Hati juga diibaratkan
sebagai pesawat pemancar (dzawq) yang dapat menangkap sinyal-sinyal
yang melintas. Kapasitas pesawat hati tiap orang berbeda-beda tergantung pada
desain dan ”baterainya.” Hati yang telah lama dilatih melalui proses latihan (riyadhah) memiliki
desain dengan kapasitas besar yang mampu menangkap sinyal yang jauh termasuk
sinyal isyarat masa yang akan datang.
Ketajaman hati juga
diibaratkan sebagai cermin (cermin hati). Orang bersih dari dosa, hatinya
bagaikan cermin yang bening, yang begitu mudah untuk berkaca diri. Orang yang
suka mengerjakan dosa-dosa kecil, hatinya buram bagaikan cermin yang terkena
debu, jika digunakan kurang jelas hasilnya. Orang yang suka melakukan dosa
besar, hatinya gelap bagaikan cermin yang tersiram cat hitam, dimana hanya
sebagian kecil saja bagiannya yang dapat digunakan.

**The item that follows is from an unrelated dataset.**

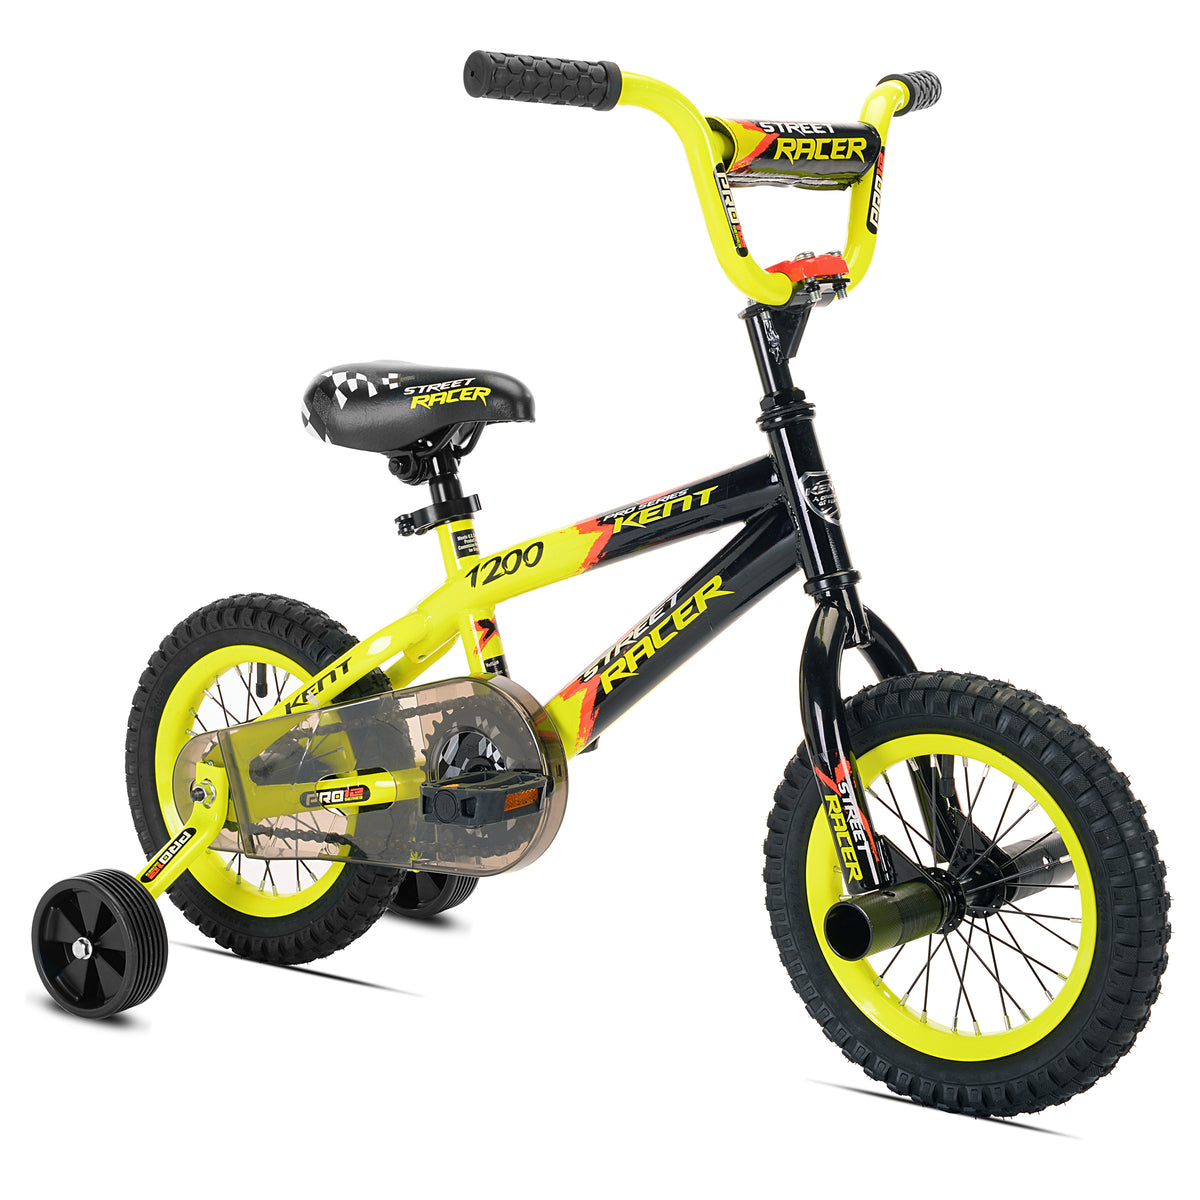 12" Kent Street Racer | BMX Bike for Kids Ages 2-4

Sedangkan
orang yang suka mencampuradukkan perbuatan baik dengan perbuatan dosa, hatinya
kacau bagaikan cermin yang retak-retak, yang jika digunakan akan menghasilkan
gambar yang tidak benar.
Apabila kita mencapai
suatu titik dimana kita tidak lagi menyadari bahwa perbuatan kita itu jahat,
maka inilah yang disebut dengan “kebangkrutan rohani”. Problema terbesar
dalam masyarakat adalah menghadapi orang yang menjalankan hal-hal yang
sebetulnya tidak baik, akan tetapi justru merasa berbuat baik, Allah
mengingatkan:
قُلْ
هَلْ نُنَبِّئُكُمْ بِالْأَخْسَرِينَ أَعْمَالًا(103)الَّذِينَ ضَلَّ سَعْيُهُمْ
فِي الْحَيَاةِ الدُّنْيَا وَهُمْ يَحْسَبُونَ أَنَّهُمْ يُحْسِنُونَ صُنْعًا(104)
Terjemahnya:
“Katakanlah: “Apakah
akan Kami beritahukan kepadamu tentang orang-orang yang paling merugi
perbuatannya? “Yaitu orang-orang yang telah sia-sia perbuatannya dalam
kehidupannya di dunia ini, sedangkan mereka menyangka bahwa mereka berbuat
sebaik-baiknya” (QS. Al-Kahfi: 103-104).
Itulah sebabnya, Allah
menyediakan bulan puasa, supaya kita dapat mensucikan diri, sehingga membuat
diri kita kembali menjadi suci. Oleh karena itu puasa bukan saja bulan suci
tetapi bulan pensucian. Dan kalau kita berhasil menjalankan ibadah puasa dengan
iman yaitu percaya kepada Allah swt dan ihtisab yang
berarti mawas diri, menghitung diri sendiri atau instrospeksi, yaitu kesempatan
bertanya dengan jujur siapa kita ini sebenarnya, apakah betul kita ini sudah
banyak berbuat baik, maka Allah akan mengampuni dosa dan kesalahan kita,
Rasulullah saw. bersabda:
من
صام رمضان إيمانا واحتساباغفر له ماتقدم من دنبه
Artinya:
“Barang
siapa berpuasa ramadhan karena iman dan ihtisab, niscaya Allah akan mengampuni
dosanya yang telah lalu”
Nabi Muhammad saw
menjanjikan, kalau kita berhasil berpuasa dengan dasar iman dan ihtisab,
maka seluruh dosa kita yang lalu akan diampuni oleh Allah swt. Dan
konsekwensinya pada waktu kita selesai berpuasa yaitu pada tanggal 1 Syawal
hari ini, kita ibarat dilahirkan kembali. Itulah yang kita rayakan dengan idul
fitri (kembali suci). Kembalinya fitrah kepada kita, dan kita pun
harus tampil sebagai manusia suci dan baik, sebaik-baiknya kepada sesama
manusia, juga sebaik-baiknya kepada sesama makhluk.
Itulah sebetulnya semangat idul fitri yang kemudian kita ucapkan minal aidin wal faizin, semoga kita semuanya termasuk orang yang kembali ke fitrahnya dan sukses serta memperoleh kebahagiaan. Amin ya Rabbal alamin.
Itulah sebetulnya semangat idul fitri yang kemudian kita ucapkan minal aidin wal faizin, semoga kita semuanya termasuk orang yang kembali ke fitrahnya dan sukses serta memperoleh kebahagiaan. Amin ya Rabbal alamin.